PROVIDED MATERIAL:
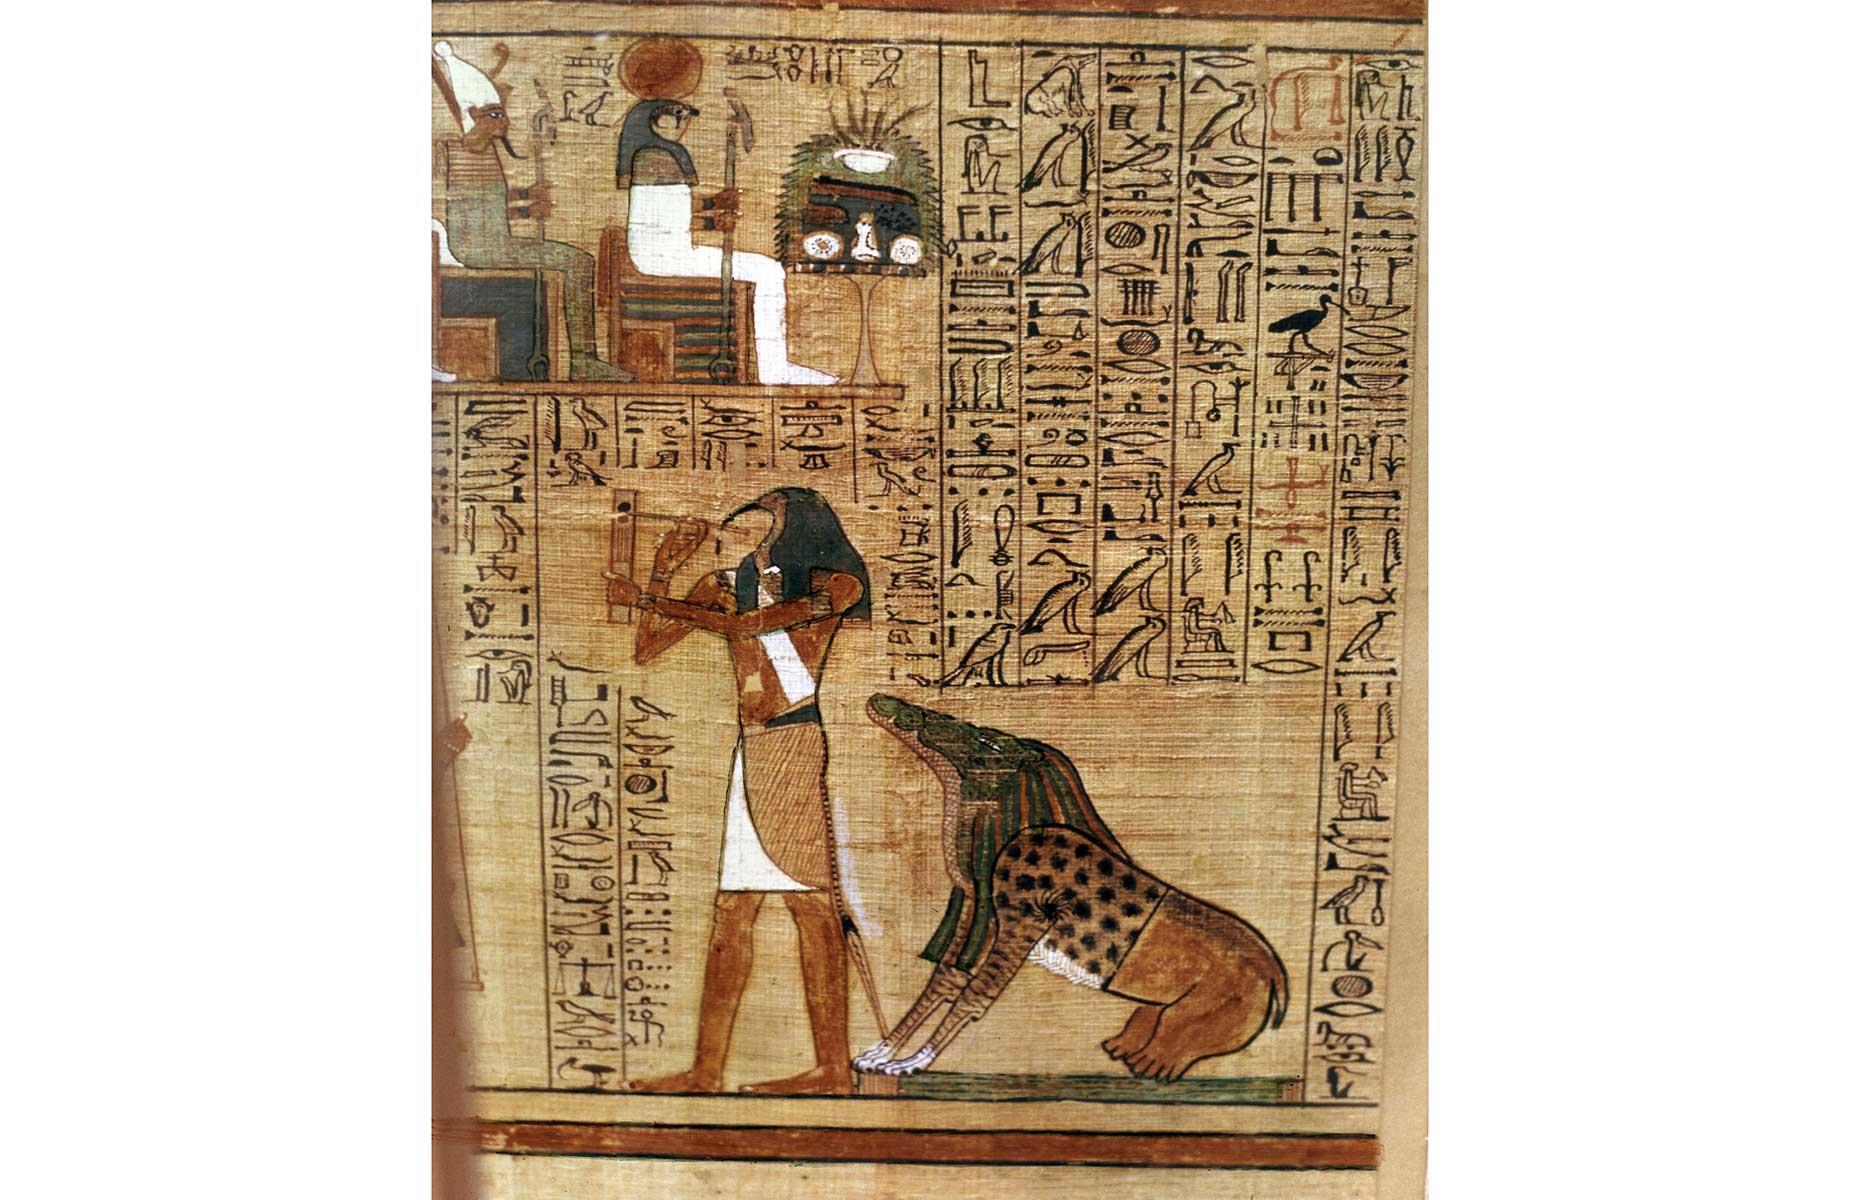 <p>The Book of the Dead is the umbrella term for a series of ancient Egyptian texts. Specific chants (or 'utterances') were typically copied onto papyrus scrolls and placed in tombs, like the fragment from the tomb of Theban scribe Ani in Luxor pictured here, which dates back to 1250 BC and is <a href="https://www.britishmuseum.org/collection/object/Y_EA10470-3">on display at the British Museum</a>. This scene depicts the Hall of Judgement, with Ani muttering Spell 30B as his heart is weighed on the scales of justice, determining whether he'd make it to paradise or not. Spells from the Book of the Dead also adorned mummy bandages and even Tutankhamun's golden death mask.</p>
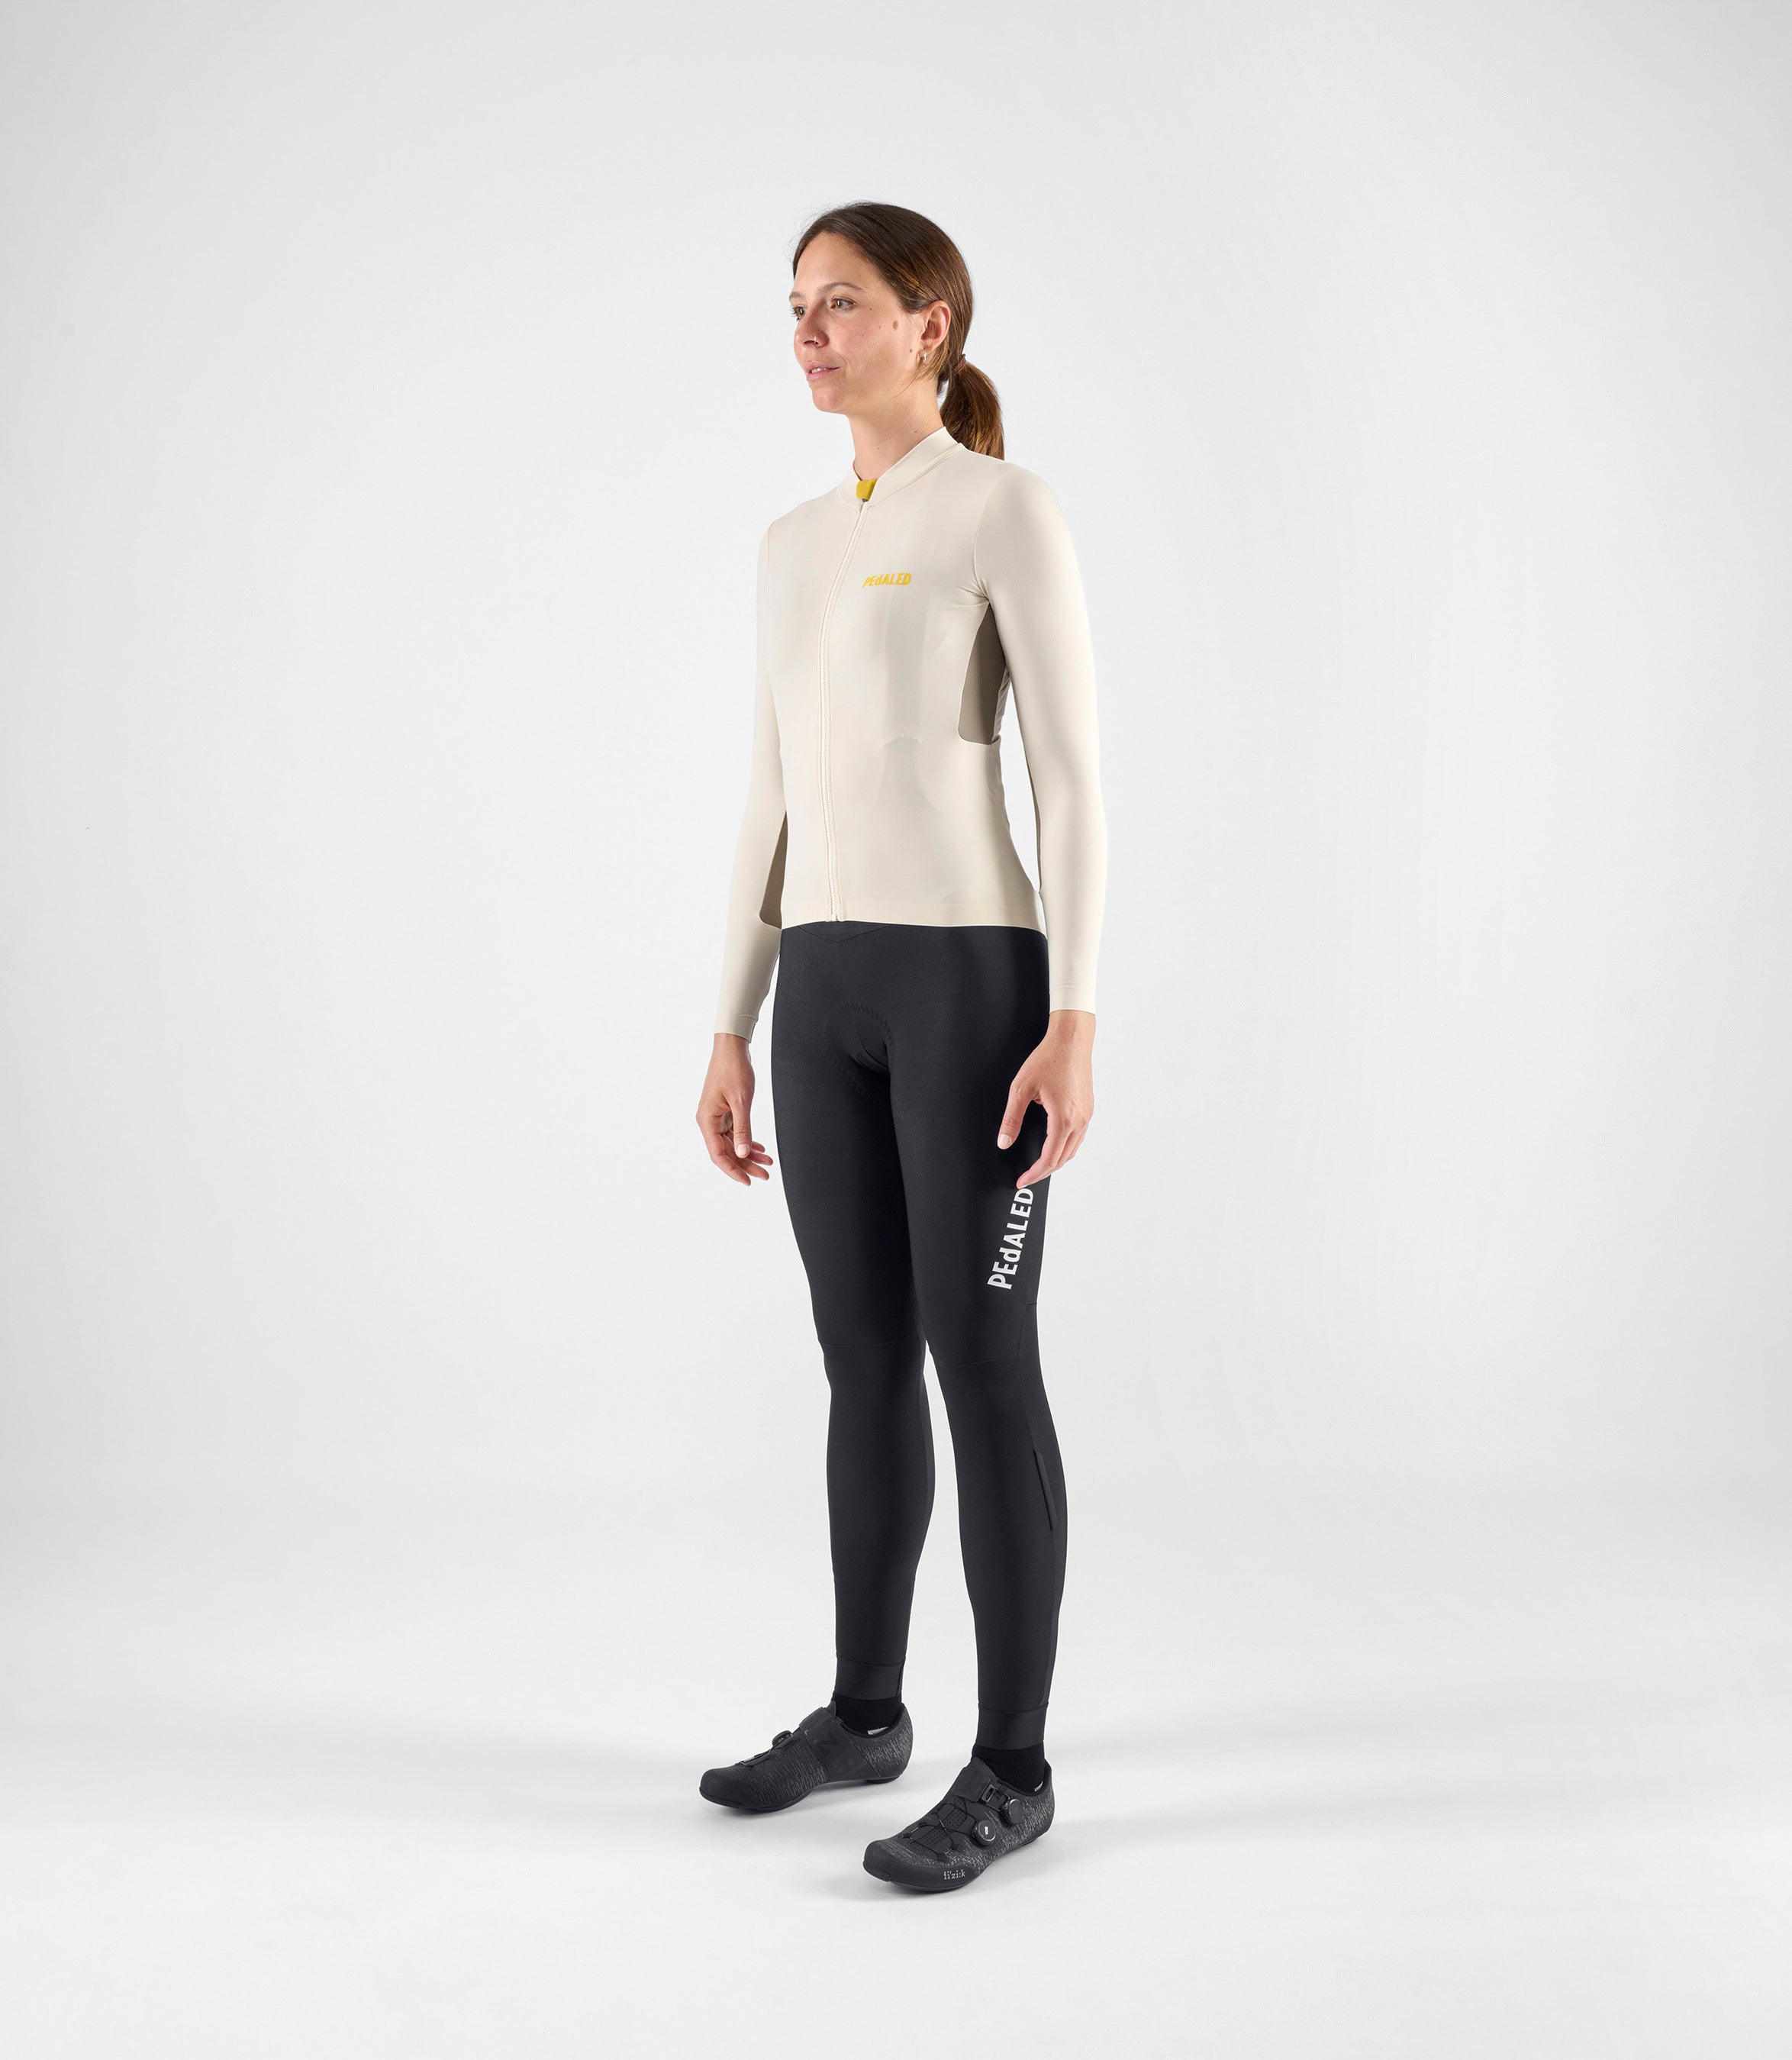 W4WJSEL0GPE_3_women cycling jersey long sleeve off white element total body front pedaled
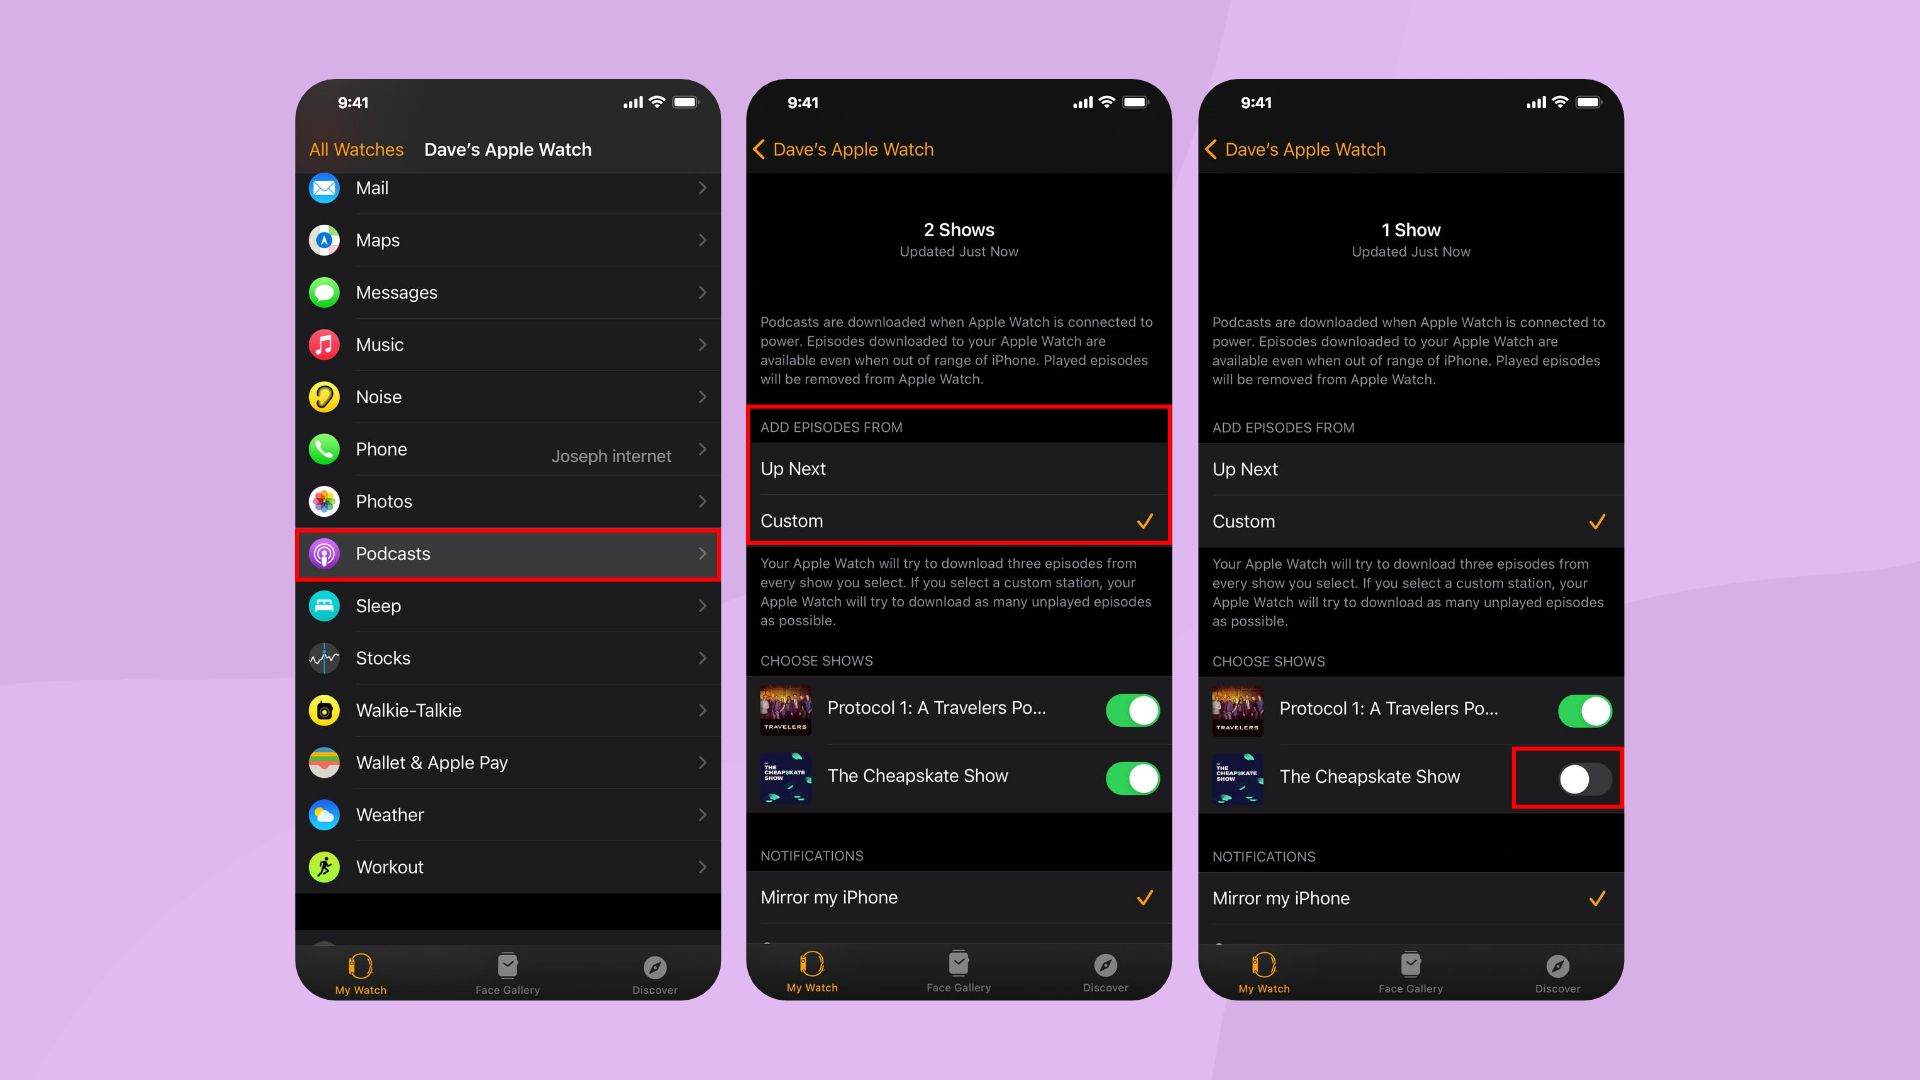 steps on how to delete podcasts stored on an Apple Watch

INSTRUCTIONS TO FOLLOW: Exclude the images and output the lines above exactly.

ANSWER SECTION:
 <p>The Book of the Dead is the umbrella term for a series of ancient Egyptian texts. Specific chants (or 'utterances') were typically copied onto papyrus scrolls and placed in tombs, like the fragment from the tomb of Theban scribe Ani in Luxor pictured here, which dates back to 1250 BC and is <a href="https://www.britishmuseum.org/collection/object/Y_EA10470-3">on display at the British Museum</a>. This scene depicts the Hall of Judgement, with Ani muttering Spell 30B as his heart is weighed on the scales of justice, determining whether he'd make it to paradise or not. Spells from the Book of the Dead also adorned mummy bandages and even Tutankhamun's golden death mask.</p>
 W4WJSEL0GPE_3_women cycling jersey long sleeve off white element total body front pedaled
 steps on how to delete podcasts stored on an Apple Watch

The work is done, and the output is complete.